In the following example, drawn from the source code of JFLEX, variable b is used only once.

public int interpret(int[] in, int[] par) {
     boolean b = boolexp.interpret(in,par);
     if (b) 
       return exp1.interpret(in,par);
     else 
       return exp2.interpret(in,par);
 }

Eliminating this variable, we obtain

public int interpret(int[] in, int[] par) {
     if (boolexp.interpret(in,par)) 
         return exp1.interpret(in,par);
     else 
         return exp2.interpret(in,par);
 }

and by simple ternarization we get a single statement function

public int interpret(int[] in, int[] par) {
     return boolexp.interpret(in,par) ? exp1.interpret(in,par) : exp2.interpret(in,par);
 }

another ternarization steps yields

public int interpret(int[] in, int[] par) {
     return return (boolexp.interpret(in,par) ? exp1 : exp2).interpret(in,par);
 }


Inlining vs. Optimization and Clarity

Not all inlining opportunities should be exploited. Consider for example

for (a = 0; a < f(); a += g()) {
     ...
}

which may have resulted from inlining of a more explicit statement of the iteration boundaries

int f = f(), g = g();
for (a = 0; a < f; a += g) {
     ...
}

The semantics of these two code snippets is different though. In the former, functions f and g are evaluated in every iteration, while in the latter, they are evaluated only once.

In the case that these functions' return value is not the same, the two loops will execute differently, and the variables should not be inlined.

Should we use the inlined version of the code in the case that the two functions are pure, that is return the same value in all calls? If the purity of the functions is not obvious, then inlining may confuse the reader, and should not be used.

But, what if purity is obvious? The inlined version is then at least as clear as the non-inlined, is shorter, and uses fewer variables. This version may also mean, at least with some compilers, slower execution. Hasting to optimize may not be a good idea though. Remember that premature optimization is a prime example of dangerous creativity and originality and that the loop may execute only a handful of times, or may not even be reached in most paths of execution.

Return the result as soon as it is found

Many routines define a variable to store their result. This variable can often be eliminated, by returning the result as soon as it is found.

Example 1

Consider for example the following simple function, designed to check if a given token is in a list of keywords.

private boolean isKeyword(String token, String[] keywords) {
     boolean result = false;
     for (int i = 0; i < keywords.length; i++)
         if (token.equals(keywords[i])) 
             result = true;
     return result;
 }

By returning the result as soon as we find it, we can eliminate variable result. The resulting function is not only shorter but also a bit more efficient.

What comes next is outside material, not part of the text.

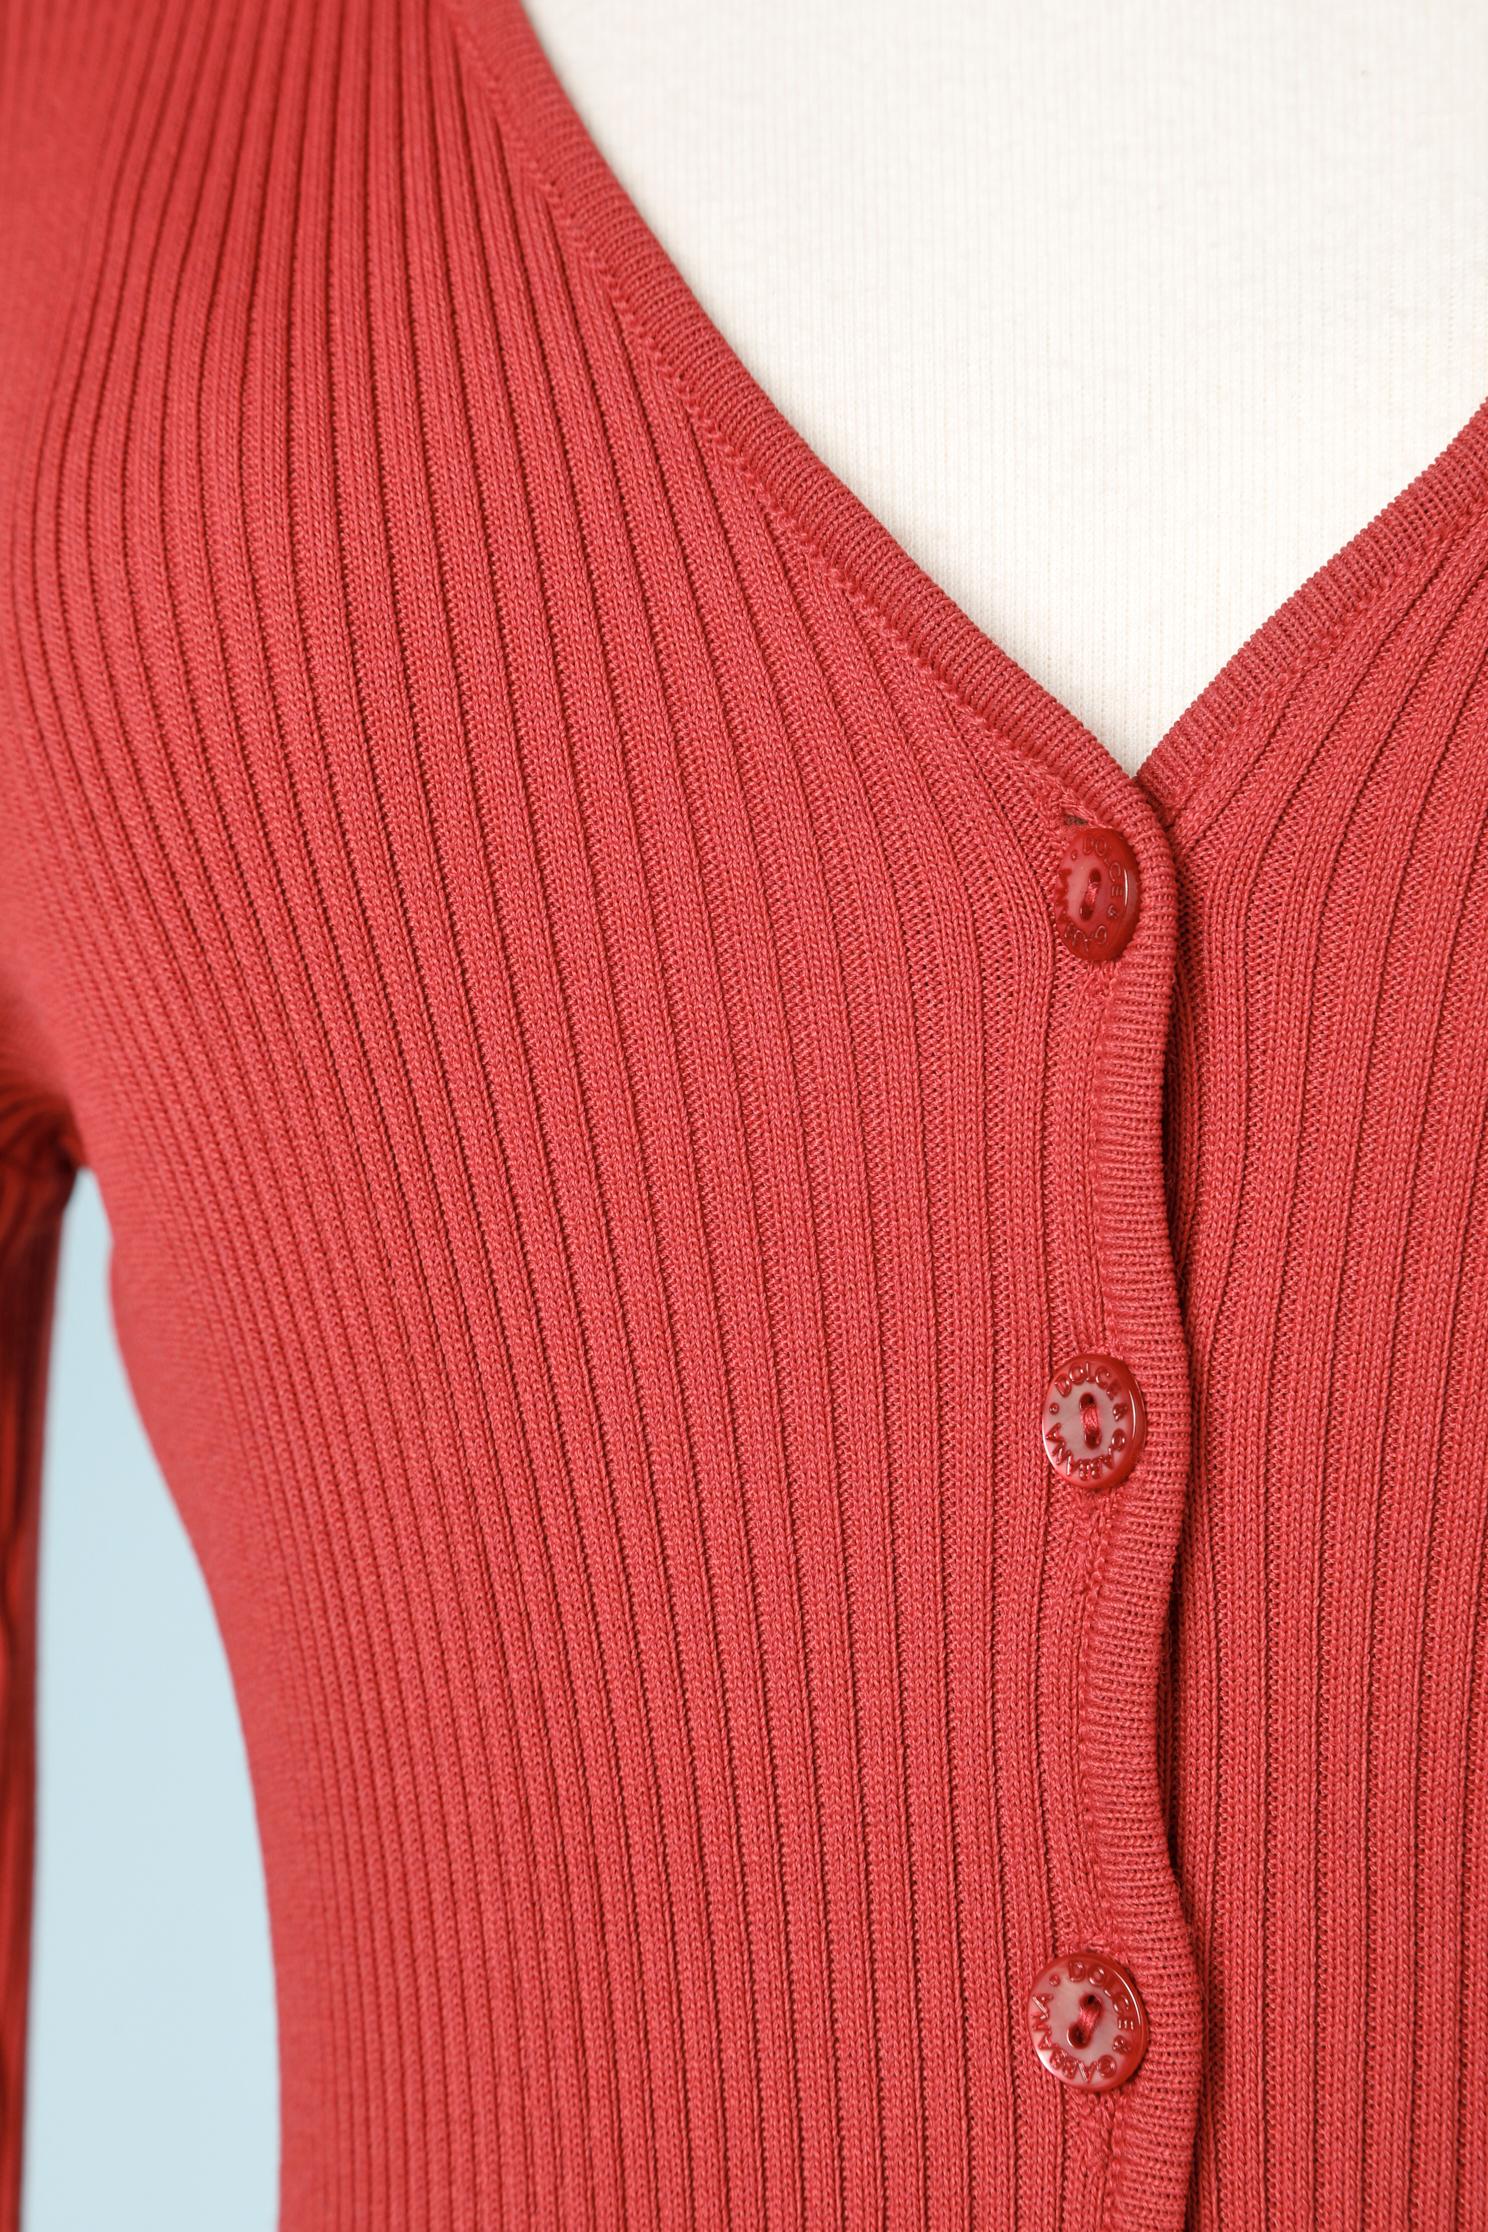 Cardigan en tricot rouge avec boutons de la marque.
TAILLE M

private boolean isKeyword(String token, String[] keywords) {
     for (int i = 0; i < keywords.length; i++)
         if (token.equals(keywords[i])) 
            return true;
     return false;
 }

Example 2

Here is another example, taken from the code of the CLASSYCLE project.

private ResultRenderer getRenderer() throws InstantiationException, IllegalAccessException, ClassNotFoundException {
     ResultRenderer renderer = new DefaultResultRenderer();
     if (_resultRenderer != null)
           renderer = (ResultRenderer) Class.forName(_resultRenderer).newInstance();
     return renderer;
 }

which can be written simply as

private ResultRenderer getRenderer() throws InstantiationException, IllegalAccessException, ClassNotFoundException {
     return _resultRenderer != null ? (ResultRenderer) Class.forName(_resultRenderer).newInstance() : DefaultResultRenderer();
 }

Example 3

A third example taken from the CLASSYCLE project is

public boolean isFulfilled(Vertex vertex) {
     boolean result = false;
     if (vertex != null) {
         Attributes attributes = vertex.getAttributes();
         if (attributes instanceof NameAttributes)
             result = _pattern.matches(((NameAttributes) attributes).getName());
         }
      return result;
 }

Returning the result as soon it is known also eliminates the first conditional

public boolean isFulfilled(Vertex vertex) {
     if (vertex == null) 
         return false;
     Attributes attributes = vertex.getAttributes();
     return attributes instanceof NameAttributes ? _pattern.matches(((NameAttributes) attributes).getName()) : false;
 }

Example 4

Here is an even trickier example, drawn again from the CLASSYCLE project.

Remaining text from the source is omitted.